Is it correct to say that a loop is null homotopic iff it can be contained in a single (simply connected) chart? That is, for a loop $\gamma(t)$ based at $p$, there's a chart $(\phi, U)$ such that $U$ is simply connected and $\gamma$ is within the domain of $\phi$.
It seems like a reasonable enough assumption, since the contraction of $\gamma$ to a point, and possibly slight deformations of the surface generated to be the correct number of dimensions, would be homeomorphic to a ball, but I am not quite sure how to prove this.

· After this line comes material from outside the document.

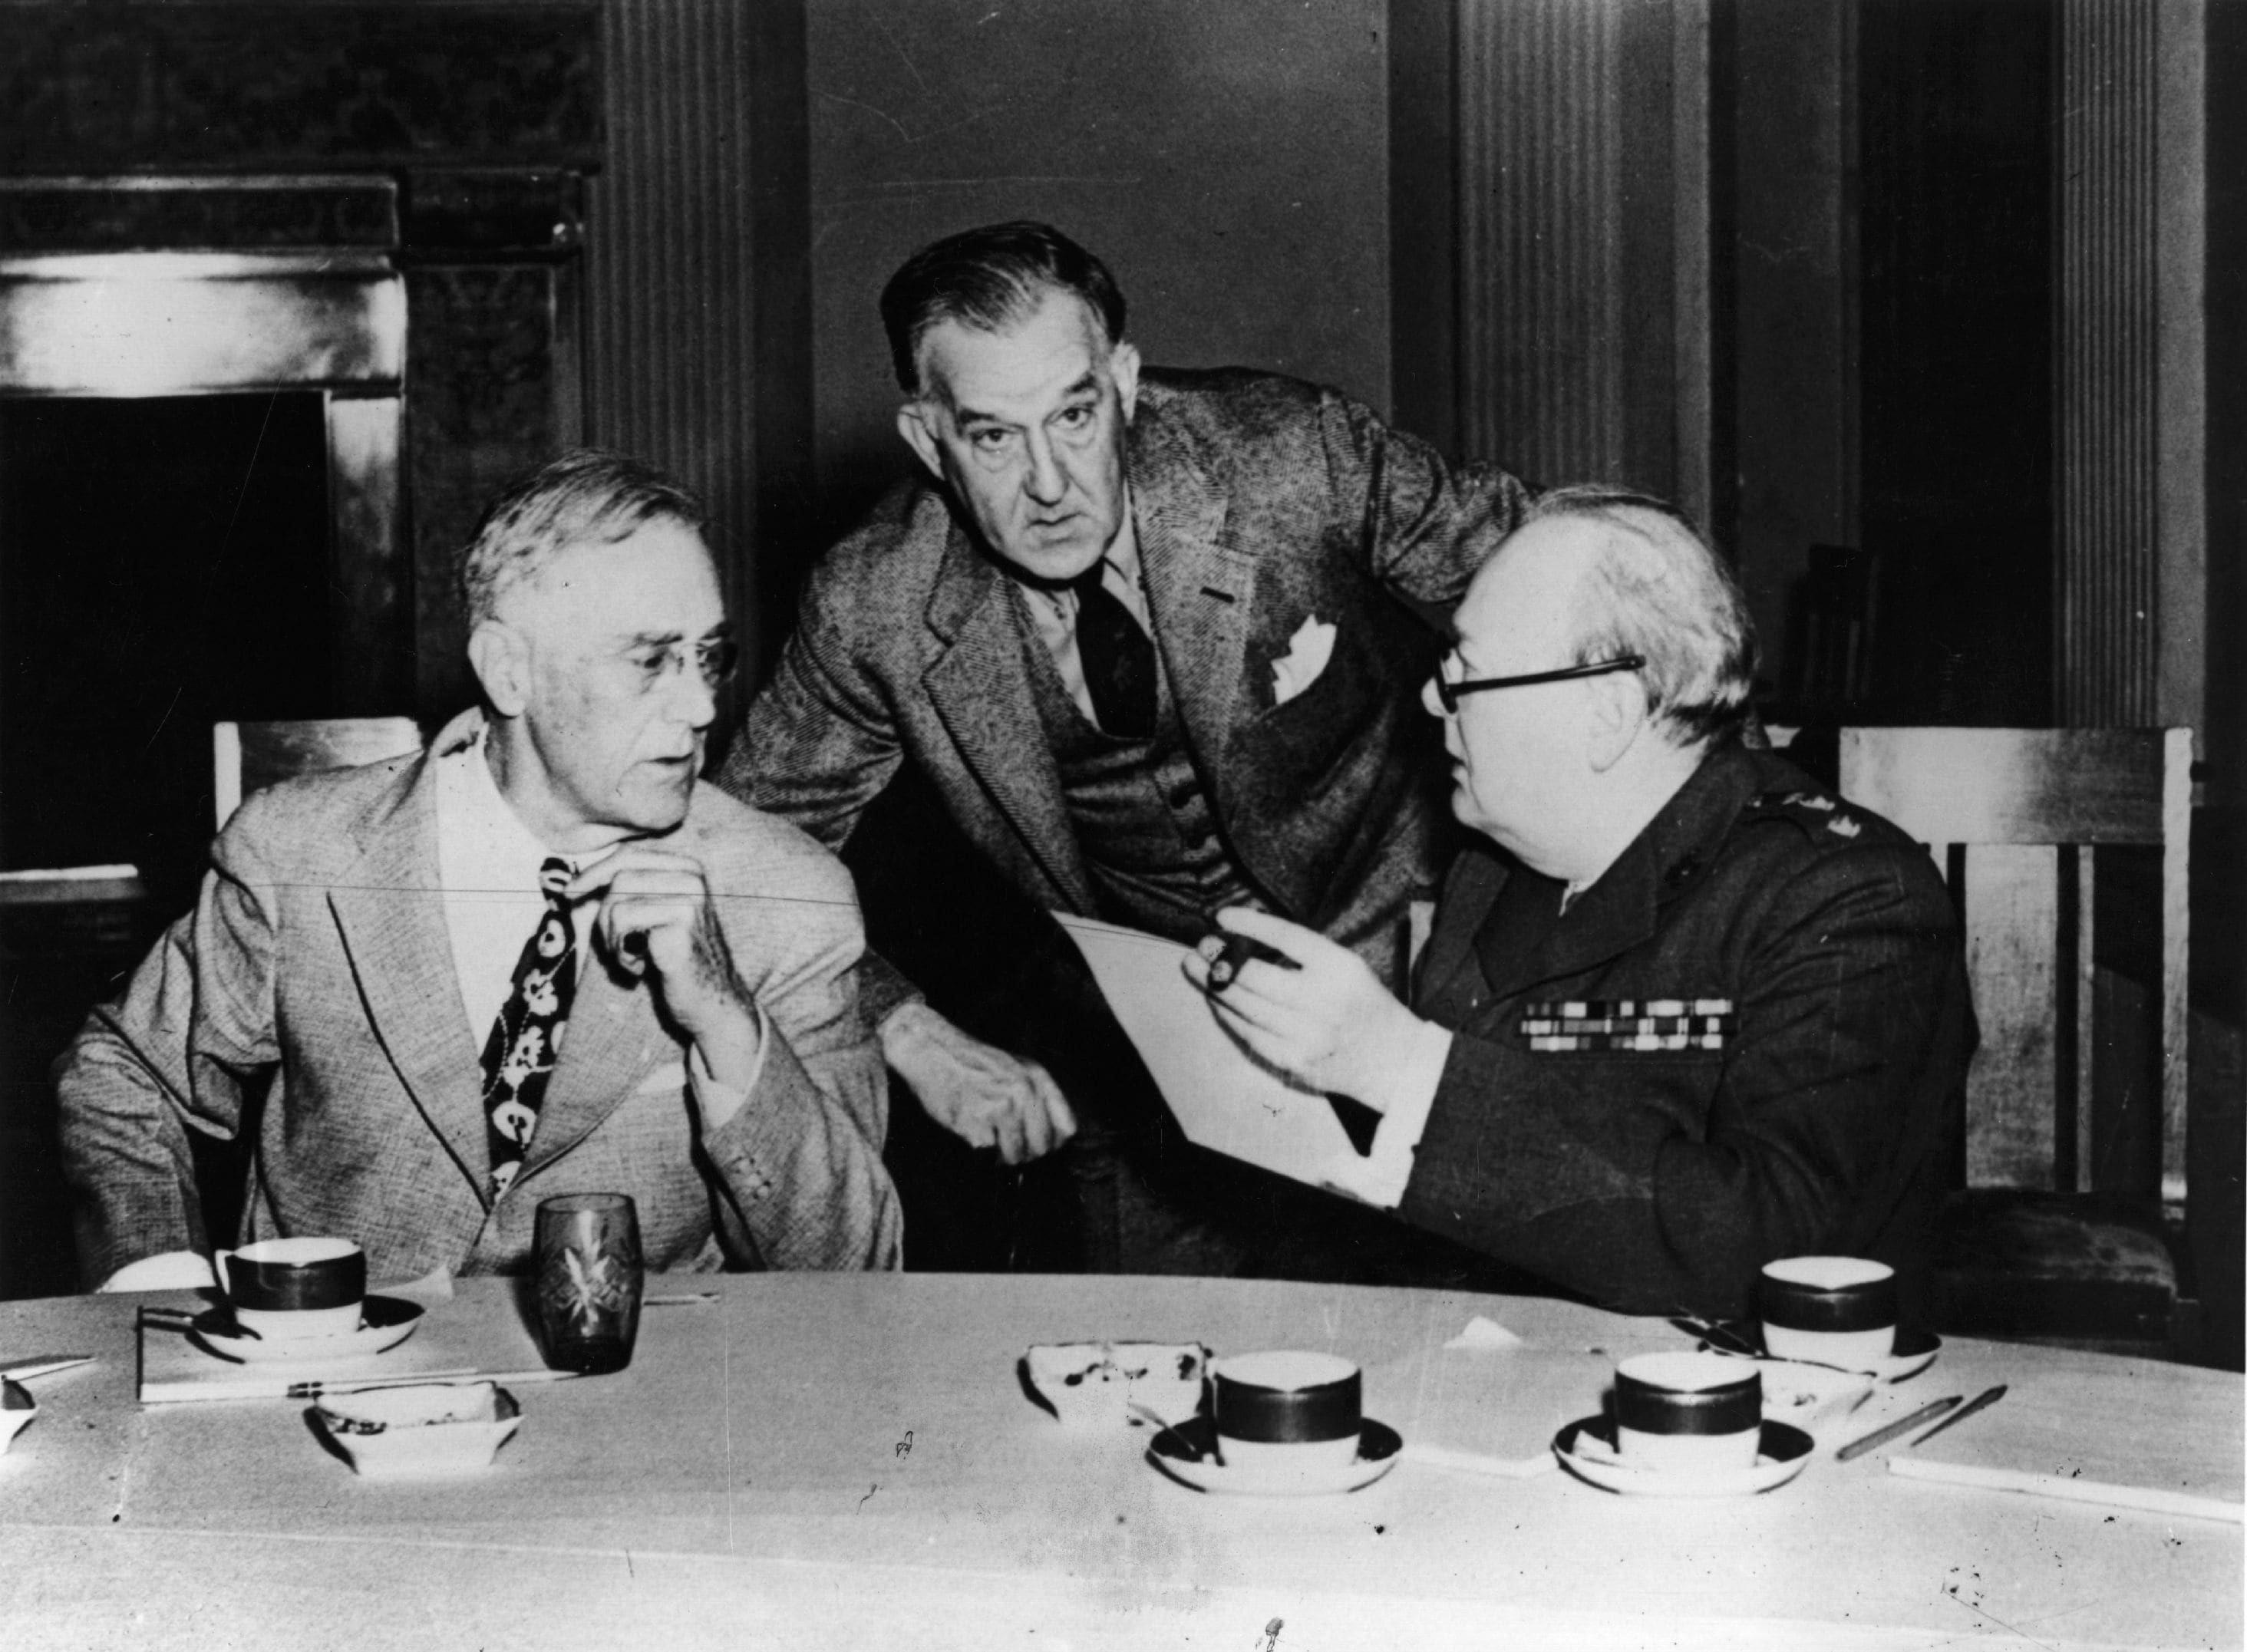 Roosevelt e Churchill durante la conferenza. Il primo morirà pochi mesi dopo di poliomielite, mentre il secondo perderà incredibilmente le elezioni in patria

The statement a loop is null-homotopic iff it is contained in a simply-connected chart is wrong. For example consider the following loop $\gamma(t) = e^{it}$ if $0 \leq t \leq 2 \pi$ and $\gamma(t) = e^{-it}$ if $2\pi \leq t \leq 4 \pi$. This loop is covering all $S^1$ but is not contained in a single chart since $S^1$ can't be homeomorphic to $\mathbb R^1$. It is clearly null-homotopic since by definition this is $a - a = 0$ where $a$ is the positive generator of $\pi_1(S^1)$.
The statement a loop is null-homotopic iff it is homotopic to a loop contained in a simply-connected chart is true but a bit tautological : by hypothesis the loop is homotopic to the constant loop which is certainly contained in a simply-connected chart.